==== DATA SECTION
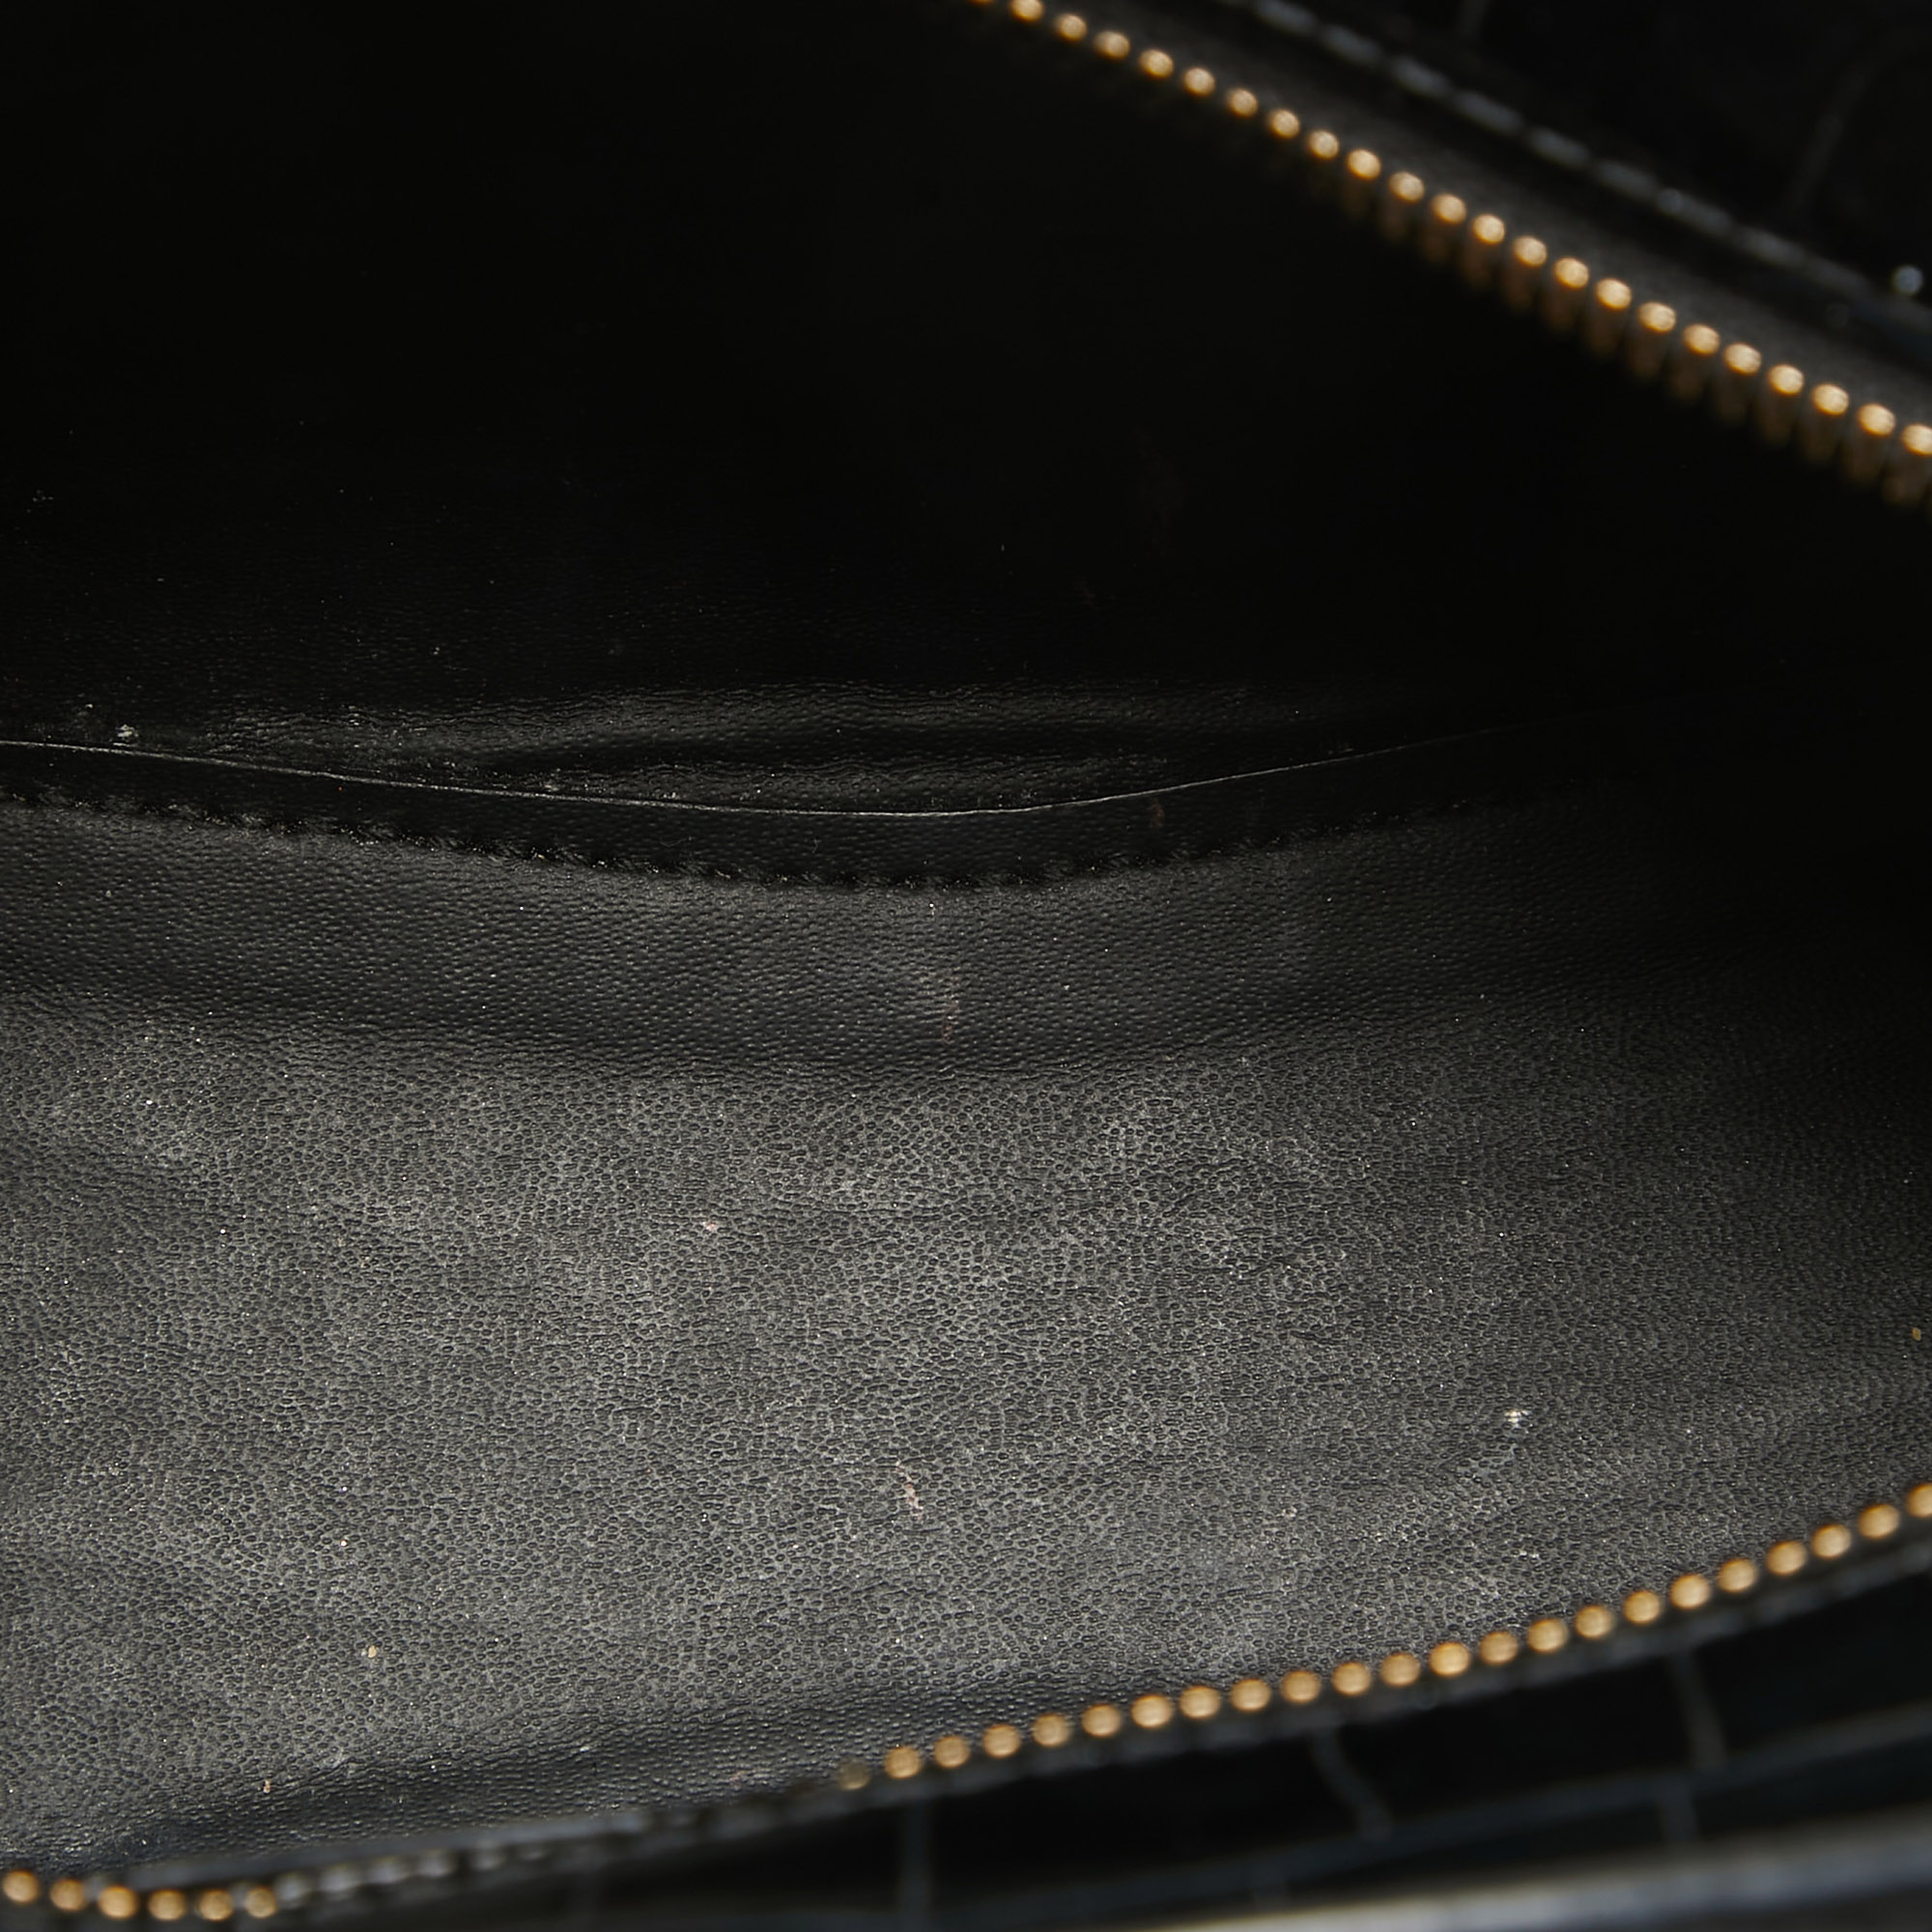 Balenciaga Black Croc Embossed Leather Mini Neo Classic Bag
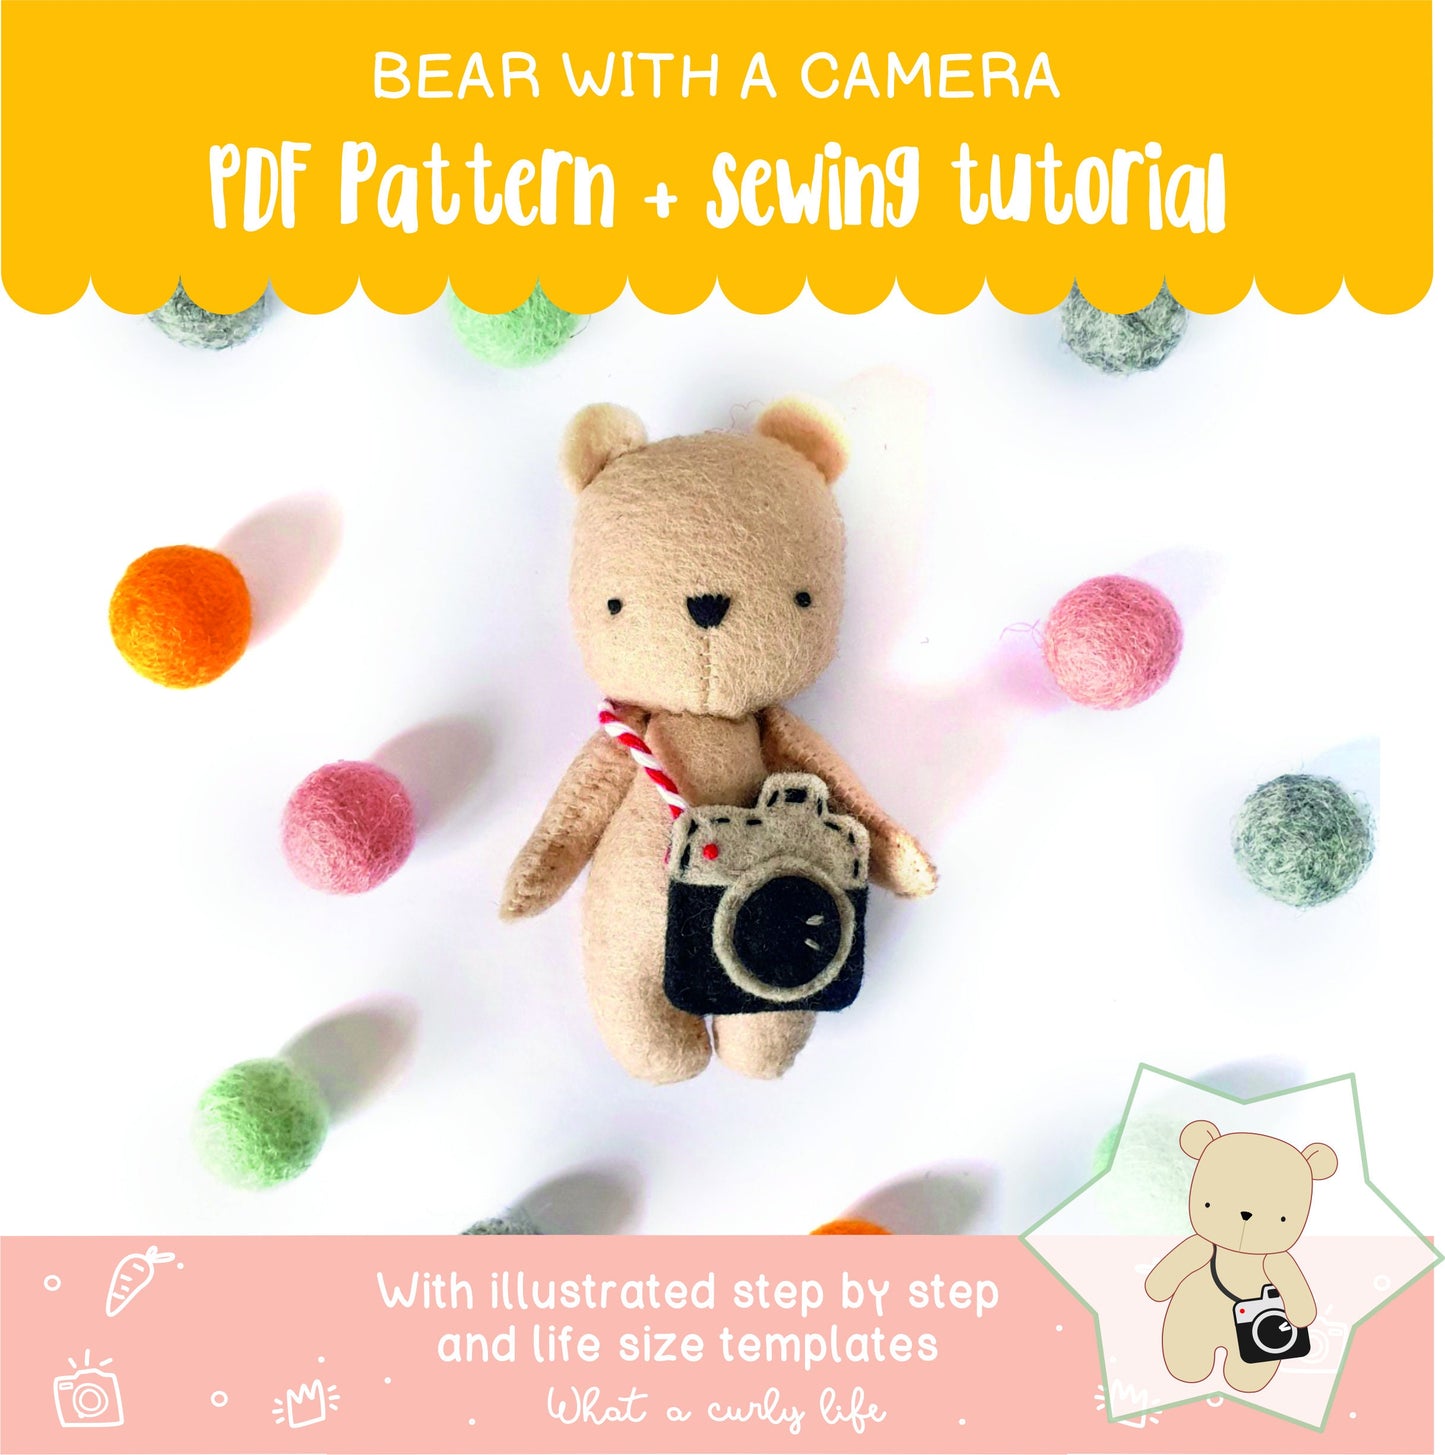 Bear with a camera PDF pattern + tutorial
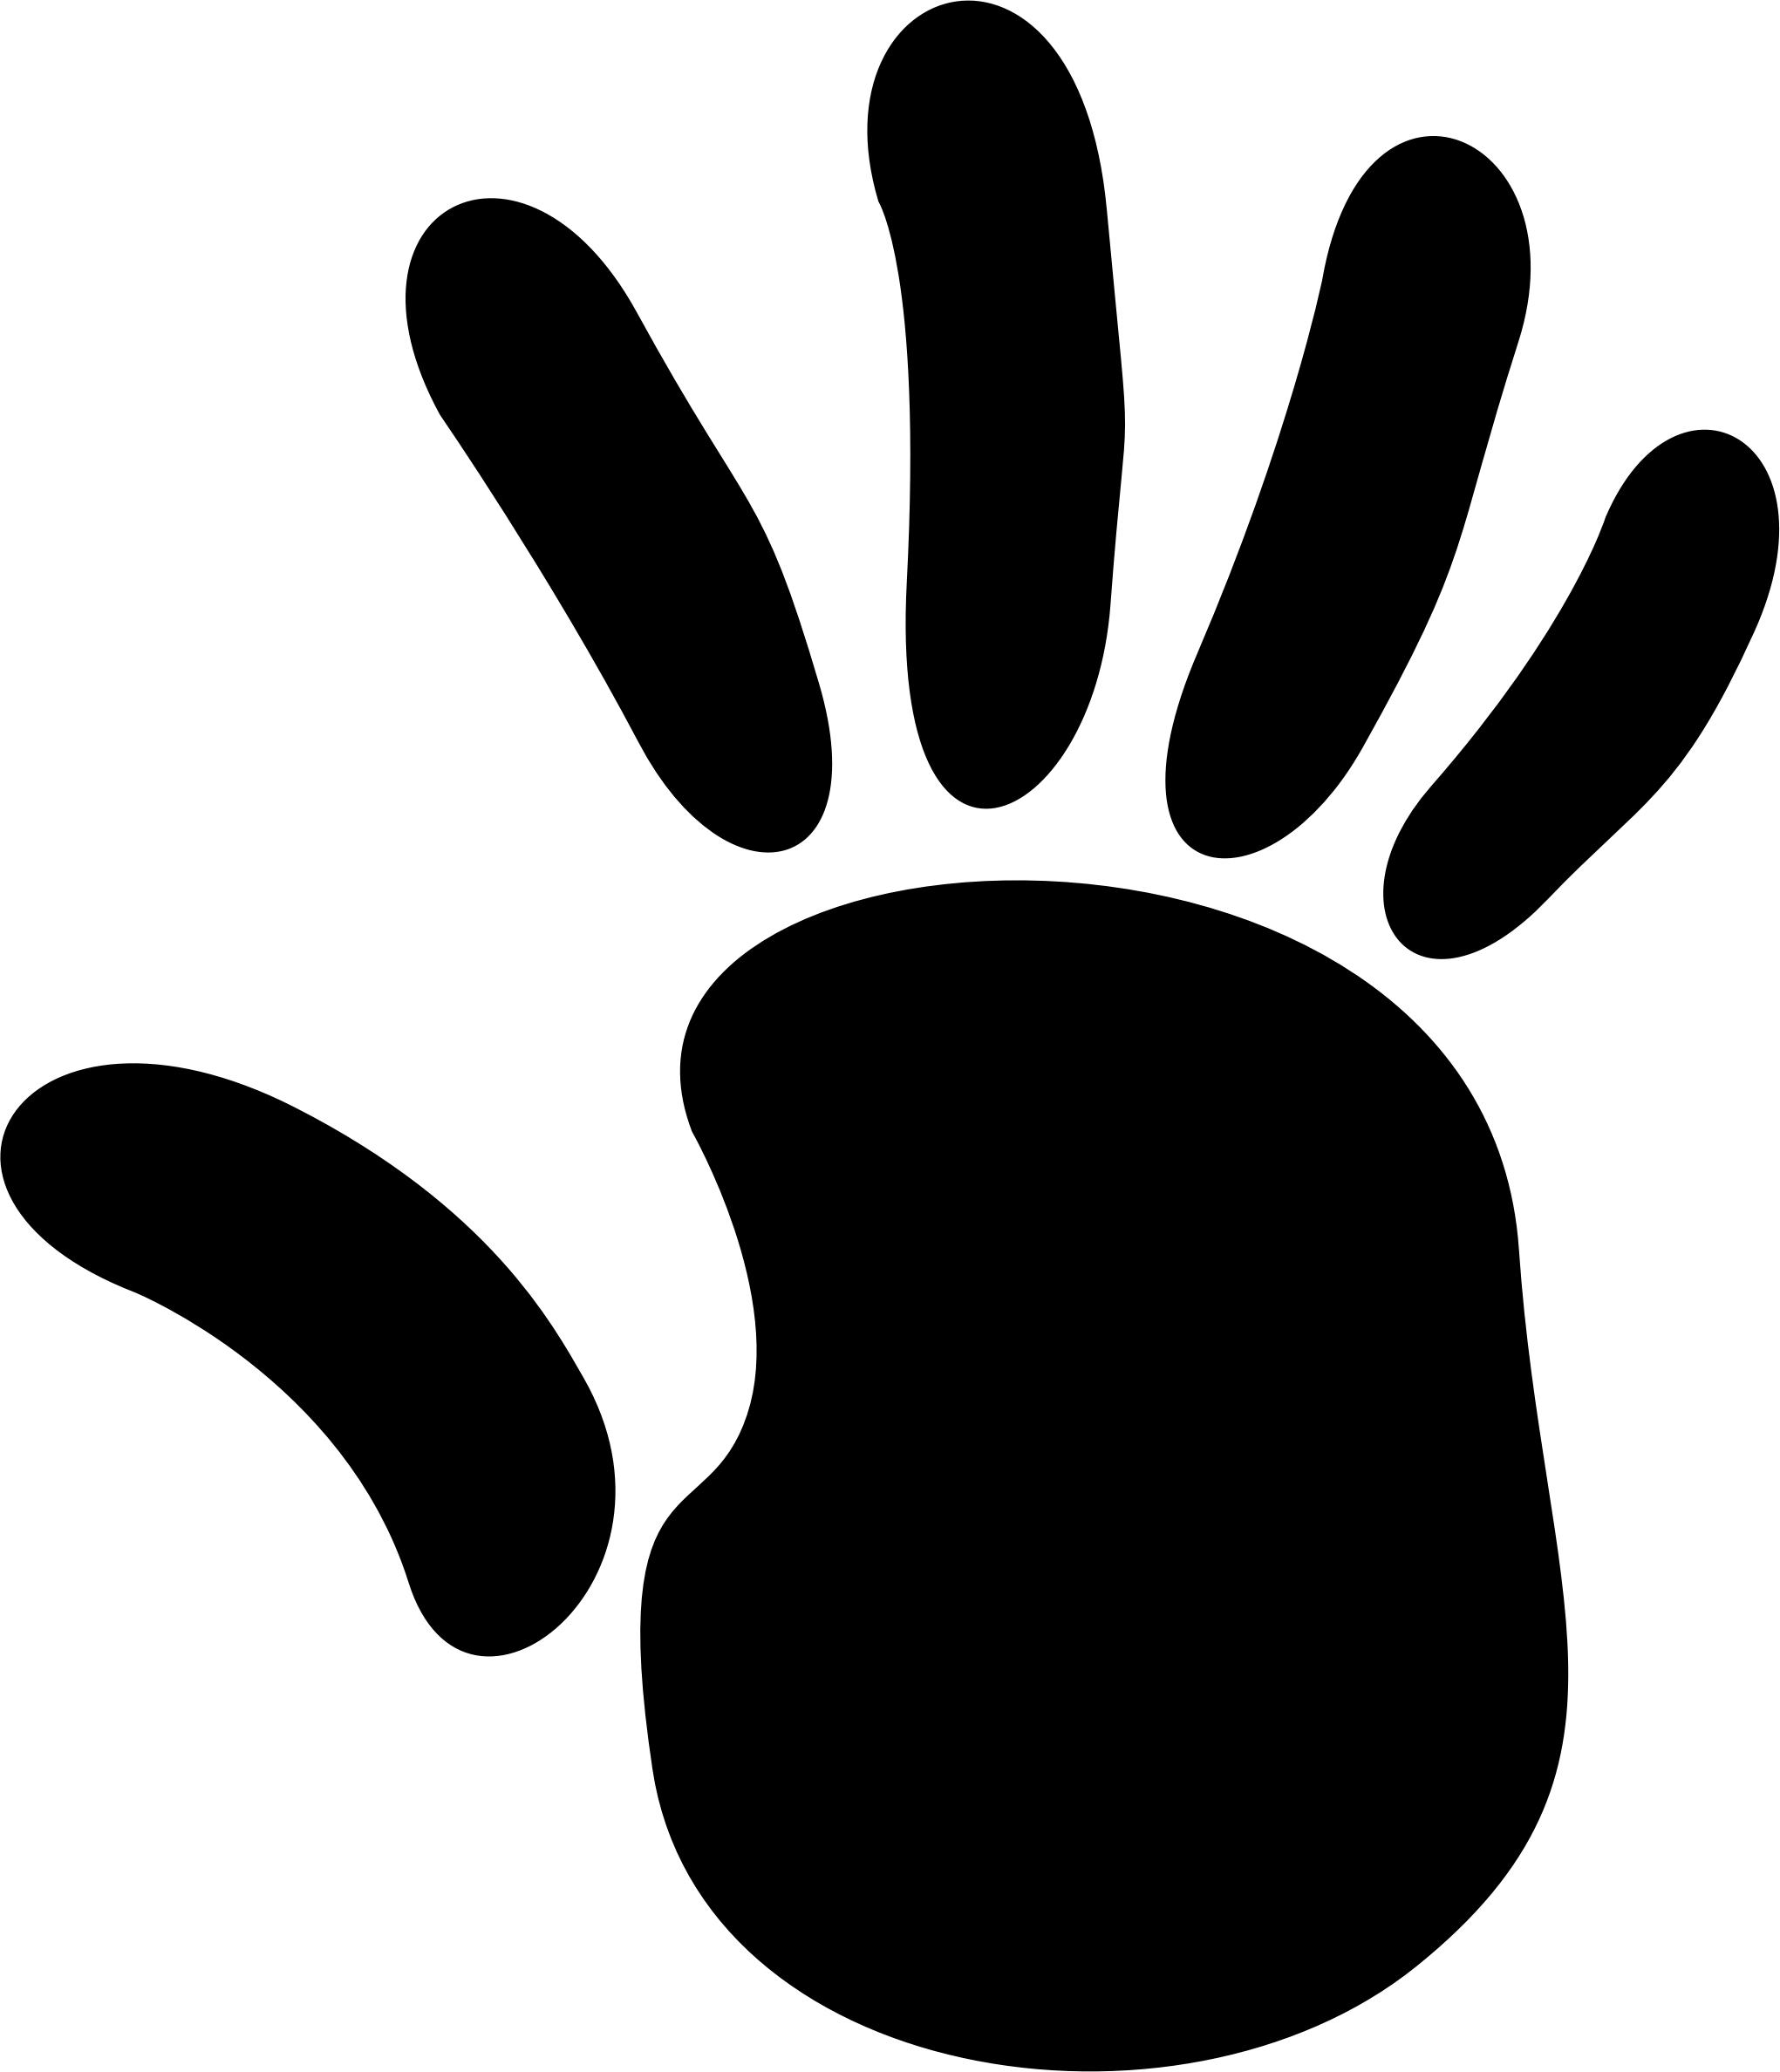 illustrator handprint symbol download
========
[EXERCISE GOAL]
Each line above must be set down exactly, though no picture should be carried over.

[RESPONSE TO THE EXERCISE]
 Balenciaga Black Croc Embossed Leather Mini Neo Classic Bag
 Bear with a camera PDF pattern + tutorial
 illustrator handprint symbol download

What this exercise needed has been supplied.